Friday, May 2, 2014

Why Foreclosure Mediation?



Why Foreclosure Mediation?  The Vermont foreclosure process is lengthy and complicated, so there is no way to substantively address the process in sufficient detail in one blawg entry.  But you can’t get anywhere in life without trying, so here goes…

Despite all the press out there about robo-signings, bad affidavits, lost notes and gross misdeeds by banks, the fact remains that the majority of foreclosures are initiated after legal cause and standing has been painstakingly researched by the lender’s counsel.  Vermont has all but taken care of many of these problems by requiring lenders to jump through hoops in order to even file a foreclosure case.  While it is not always the case, and seeking counsel is always recommended, in most cases, the borrower will find that the lender has their substantive legal ducks in a row.  Now whether the actual accounting is in order and whether a larger servicer has lost or misapplied checks is a different issue all together, but that comes later.

In order to actually foreclose in Vermont, in most cases the lender has to: file the proper paperwork, notify the borrower of their rights, including the right to mediation, get a judgment from the Court if there is no response with an accounting, give an occupying homeowner 6 months to redeem (ie pay off the debt in full), and thereafter set an auction for sale.  The process, then, barring no complications, takes no less than 8-10 months.  If a borrower answers, challenges the default, requests mediation or otherwise participates or objects, the process can be even longer. When considering the process and that the end best result for the lender is likely merely ownership of the property, it is safe to say that in the vast majority of the cases, the lender doesn’t actually want to complete a foreclosure—the lender just wants to be paid.  While this is generally true for all lenders, it is especially true for the large national mortgage servicers, as explained below.
 
As a result of the bailout, many mortgage servicers are required to comply with various home retention and modification programs, the most popular being the HAMP, Home Affordable Mortgage Program.  Under these programs, servicers are incentivized to offer modifications to borrowers that reduce their payments and make the home affordable.  In order to do so, many of the programs lower the interest rate considerably, stretch out the term and defer or even eliminate principal, depending upon the borrower’s income and home value, among other things.  The standards for each program are extremely rigid.  Only with strict compliance to the documentation guidelines can a borrower get a modification offer.  While some seem ridiculous, (“what do you mean you need the blank ‘balance your checkbook’ page 3 of my bank statement?”), servicers cannot deviate from the fraud prevention measures and auditing standards.  No modification of any kind will be offered without the lender receiving a complete documentation package that they can send to underwriting.

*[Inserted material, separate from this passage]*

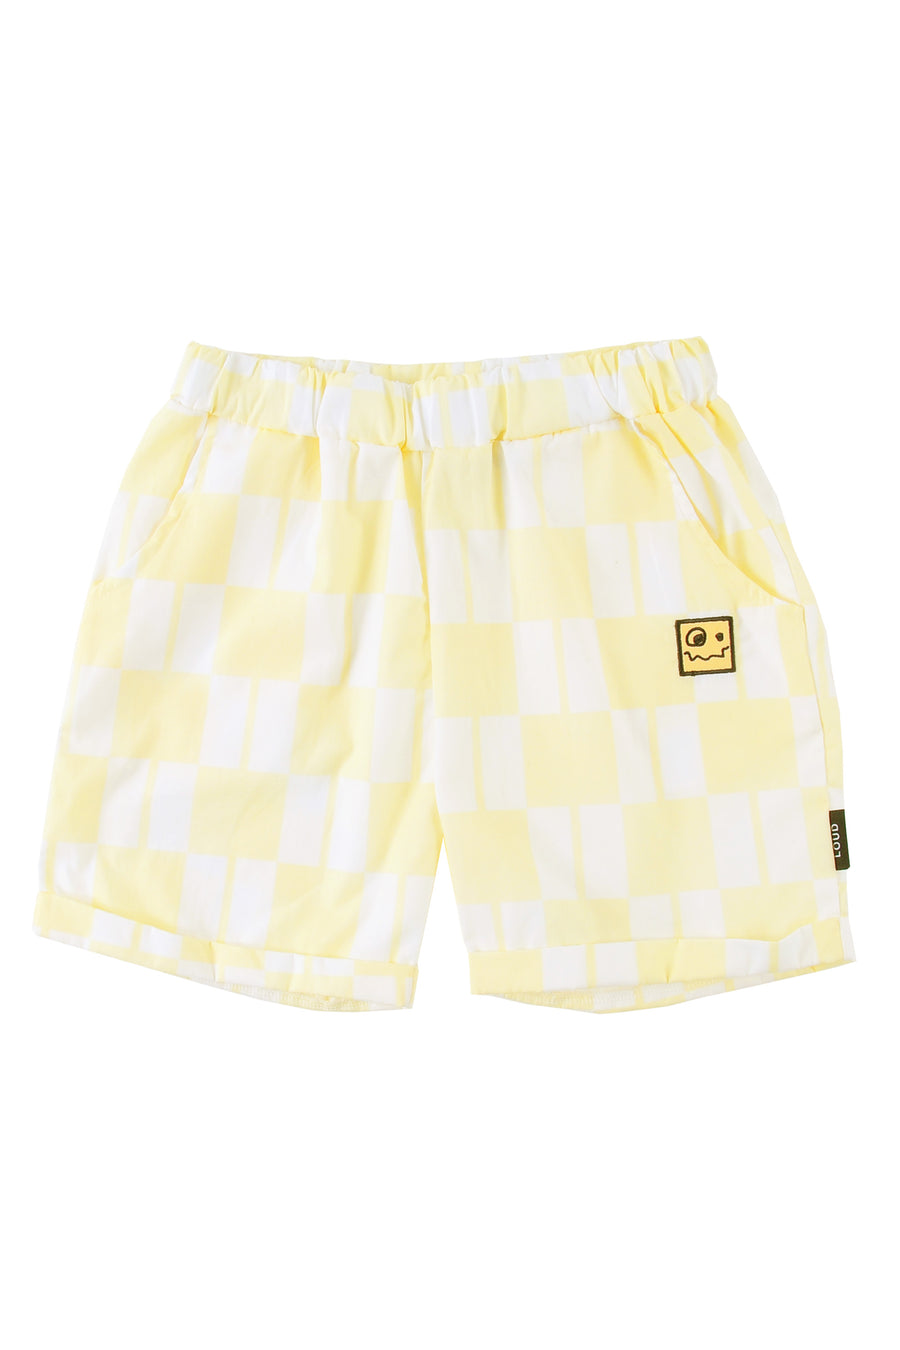 Cycle shorts by Loud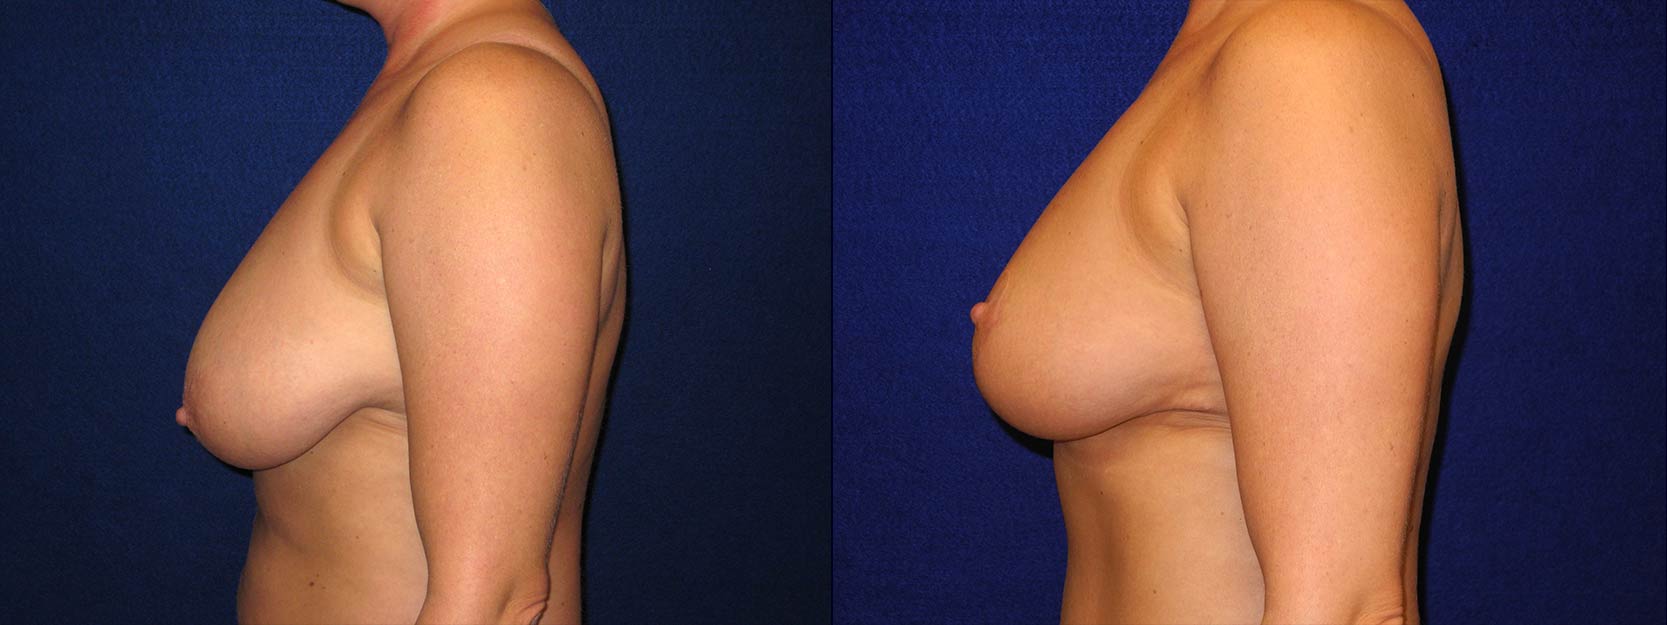 Left Profile View - Breast Reduction

Enter mediation.  The Vermont mediation process provides a forum for this documentation exchange and review to be policed. The mediation program was created in response to horror stories about borrowers being denied or not even reviewed for HAMP and other government programs based upon an arguable failure to provide documents.  The borrowers insisted that all necessary items were sent; the lender cited to missing documentation.  While I have no doubt that the larger lenders and servicers have lost or misplaced their fair share of documentation, especially in the early days of the programs, I also have no doubt that borrowers have failed to complete the paperwork based upon poor communication, assumptions regarding the requirements and mistrust.  Surely it would be logical to assume that the page 3 described above would not be needed, but that assumption would be wrong!
 
The mediation program allows effective communication to enter the process where the exchanges between the parties and the review under documented programs can be policed by the mediator and ultimately by the Court.  Borrowers do not have an absolute right to modify their obligations under the note, so modification is not always the outcome.  But when the loan is modified, the case is ultimately dismissed.  

If modification is not an option, the process at least insures that the parties are communicating and that all foreclosure alternatives have been considered.  Loan balances and payment application can be reviewed, as well as the specific reasons for a denial of modification.  Borrowers can ask questions about the status of the foreclosure case and sale date, which may result in them seeking counsel to explore other options, such as a Chapter 13 bankruptcy.  Since the onset of the mediation program, a good percentage of borrowers have successfully modified their mortgages and have been able to keep their homes, which is a win for both sides.  And isn’t that what mediation is all about—reaching a solution where everyone gets something they want?